Елена Сергеевна Булгакова (в девичестве Нюренберг) родилась 2 ноября (21 октября) 1893 г. в Риге. Отец — учитель и время от времени писал статьи, которые публиковались в местных газетах. У Елены были сестра Ольга (1891–1948) и двое братьев — Александр (1890–1964) и Константин (1895–1944). Елена училась в Рижской Ломоносовской женской гимназии, откуда родители забрали ее домой, не дав доучиться. Так что Елене пришлось заниматься самообразованием.

Она мечтала стать актрисой знаменитого МХАТа, но после прослушивания взяли только ее сестру, а ей самой пришлось искать себе работу сначала в телеграфном агентстве, а затем она устроилась секретарем газеты «Известия».
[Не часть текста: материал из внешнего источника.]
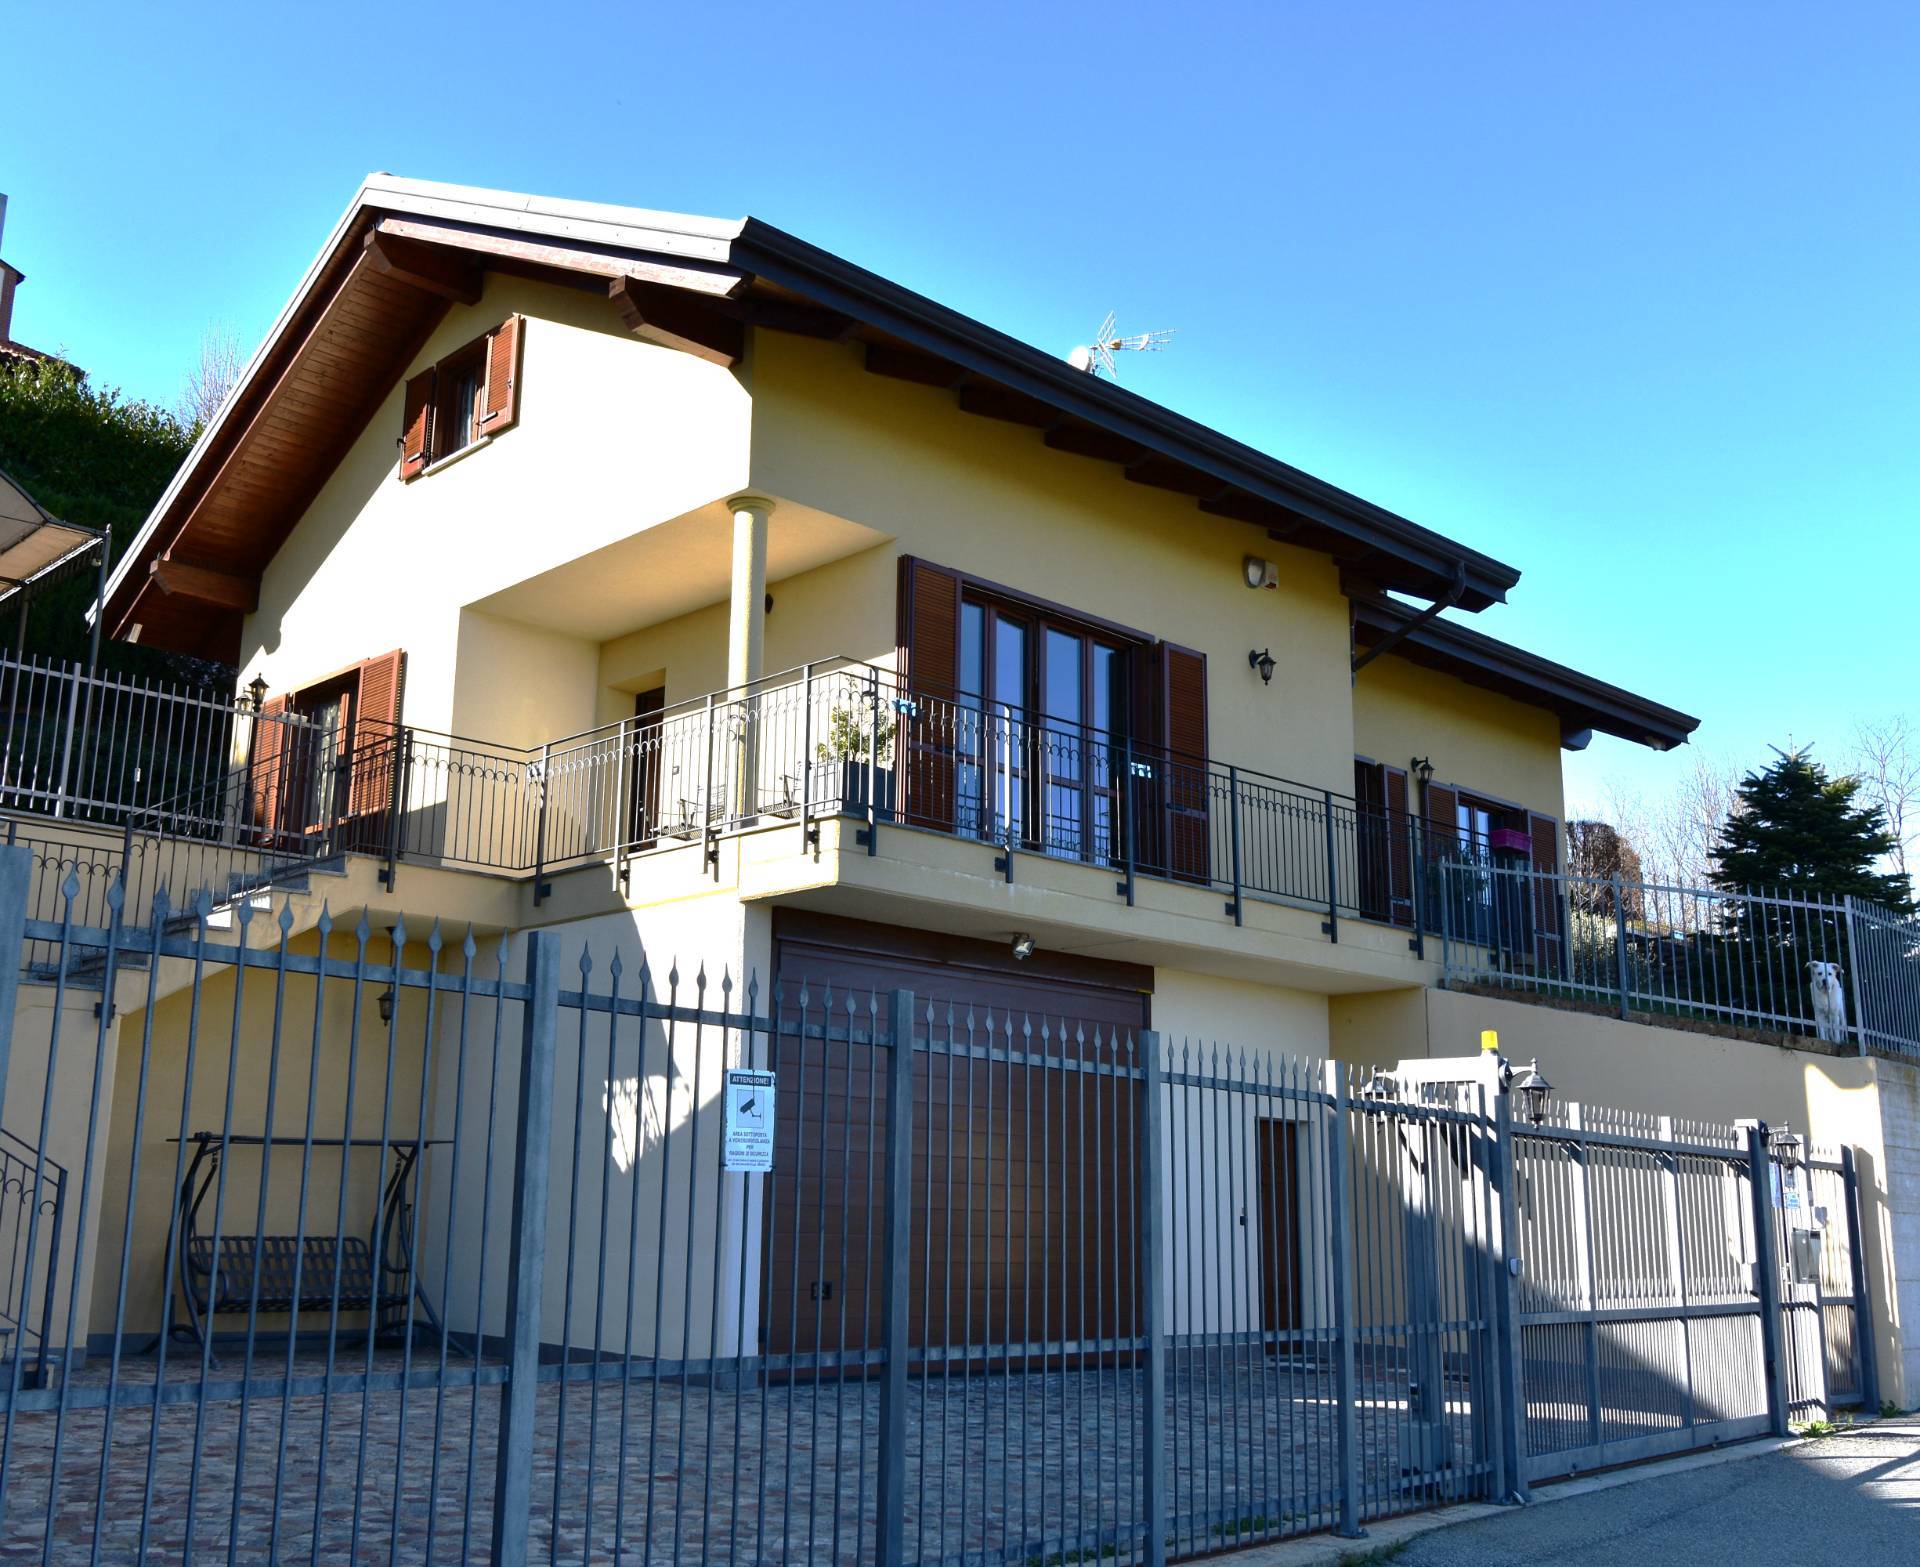 Villa Unifamiliare in Vendita a Pavarolo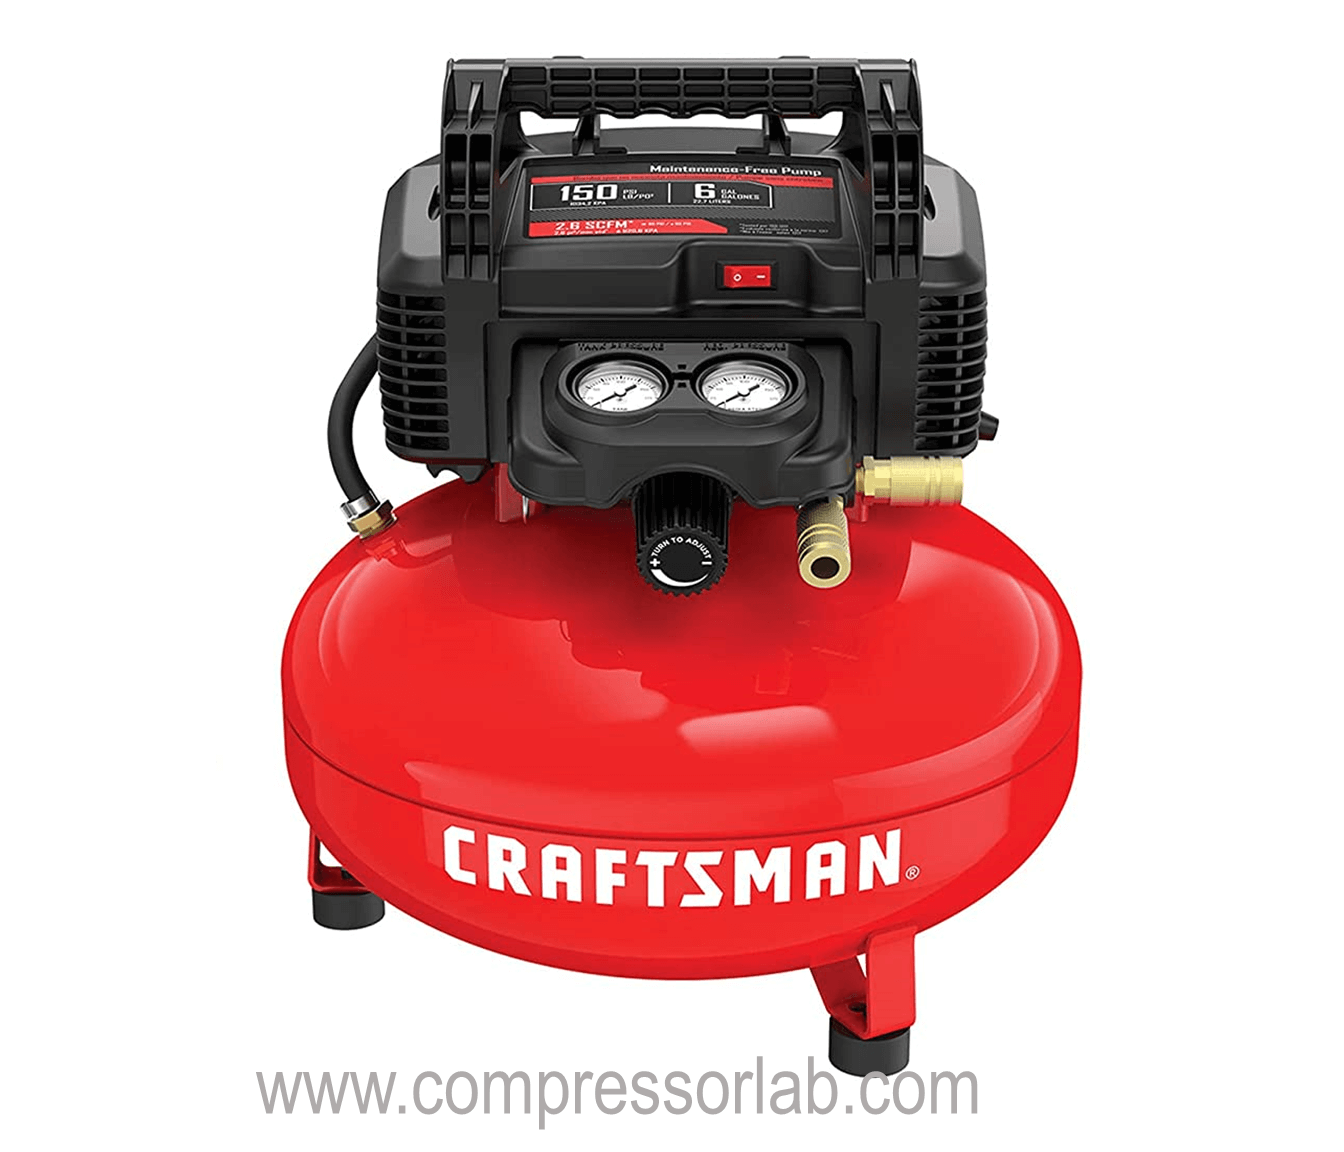 CRAFTSMAN Air Compressor

В первый раз Елена вышла замуж в 1918 г. за сына известного трагического актера Мамонта Дальского (1865–1918) офицера Юрия Неелова. В 1919 г. он поступает в 16-ю армию, действовавшую в составе Западного фронта РККА, где его назначили адъютантом командарма Н.В. Сологуба. Там же начальником штаба был Евгений Александрович Шиловский. Елена и Евгений полюбили друг друга, она развелась с Нееловым и тут же снова вышла замуж. От этого брака у них родился сын Сергей (1926–1977).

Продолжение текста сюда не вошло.